Pay attention to genotype. Late maturing lines shift the windows. Dry matter and nutrient curves are not identical, so time harvest and splits by genotype. Record everything (fertilization, weather, ripeness, yield, screen size and density, and cup quality) and build a feedback loop: review quarterly, correct deviations, and refine rates and timing.
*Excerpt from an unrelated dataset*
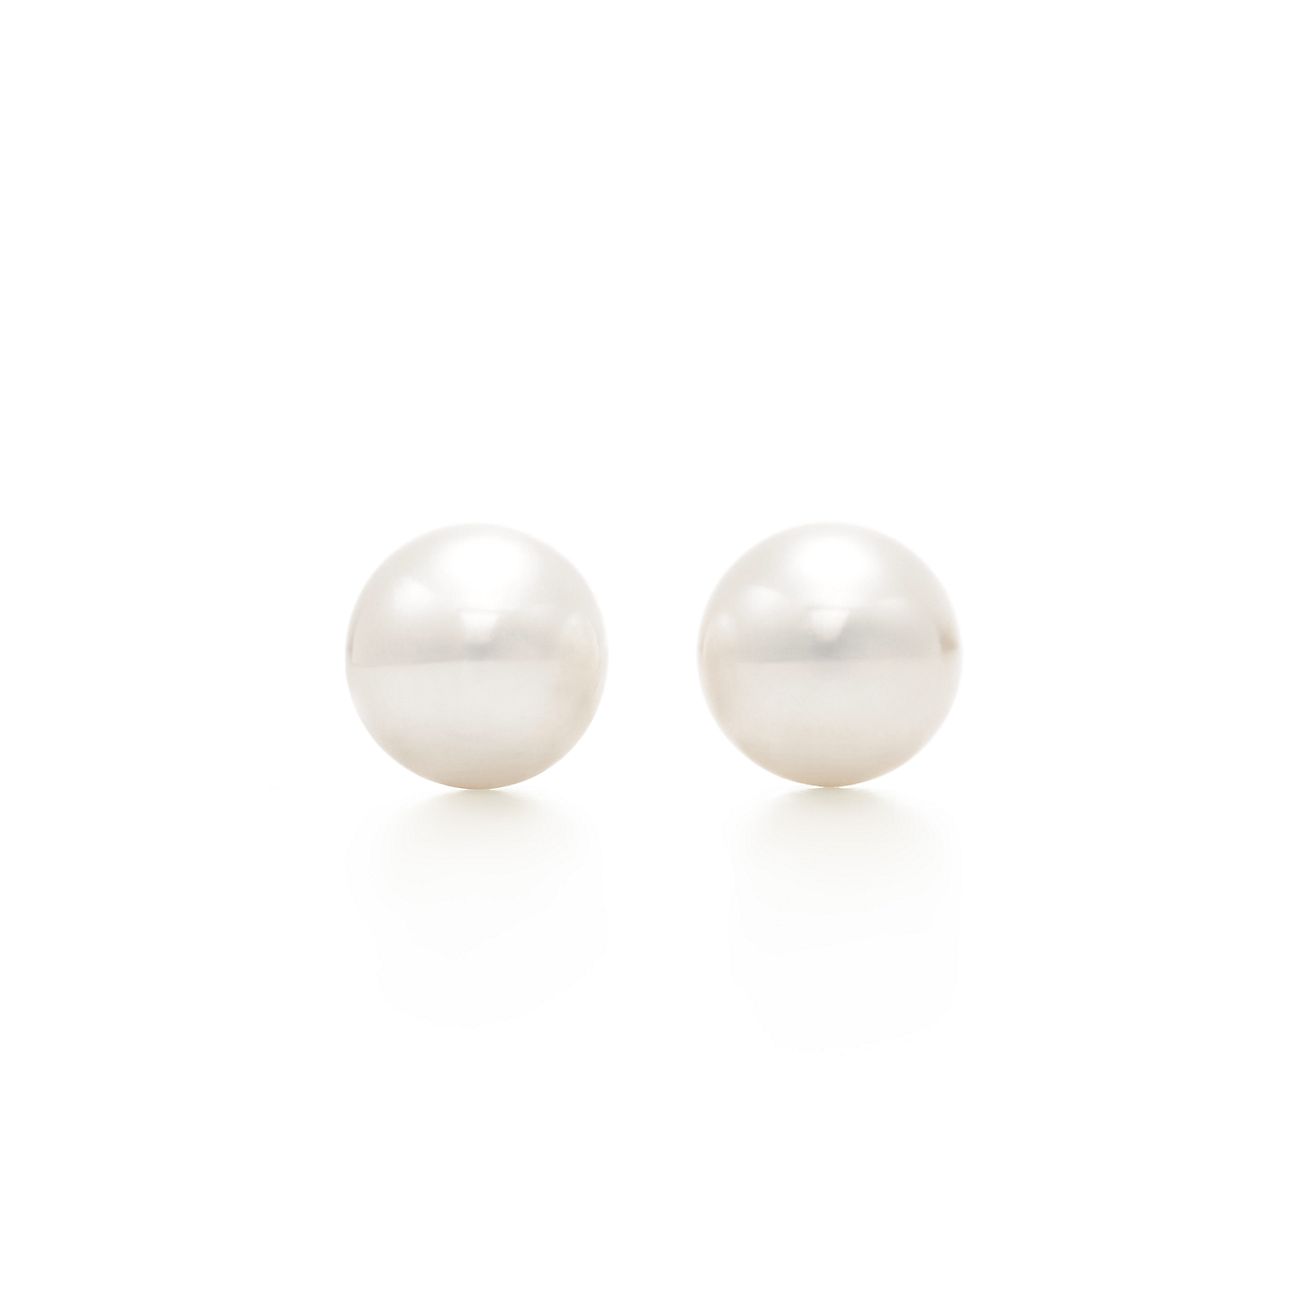 pearl earrings canada

This reduces losses and environmental load, saves costs, and turns the study’s physiological insights into robust, quality focused field practice.


Limitations of the study

The results are strong, but they are context dependent. The work was carried out at a single site with an Aw climate (dry winters) on a nutrient poor Yellow Dystrophic Argisol, conditions that do not transfer one to one to other soils, elevations, or rainfall patterns. The genetic scope is also limited: six C. canephora genotypes with different maturity cycles offer valuable insights, but they are not a substitute for a broad varietal evaluation. The time window from 33 to 49 weeks after flowering (WAF) captures the period from the end of fruit expansion to full ripeness, but it leaves earlier developmental stages outside the analysis.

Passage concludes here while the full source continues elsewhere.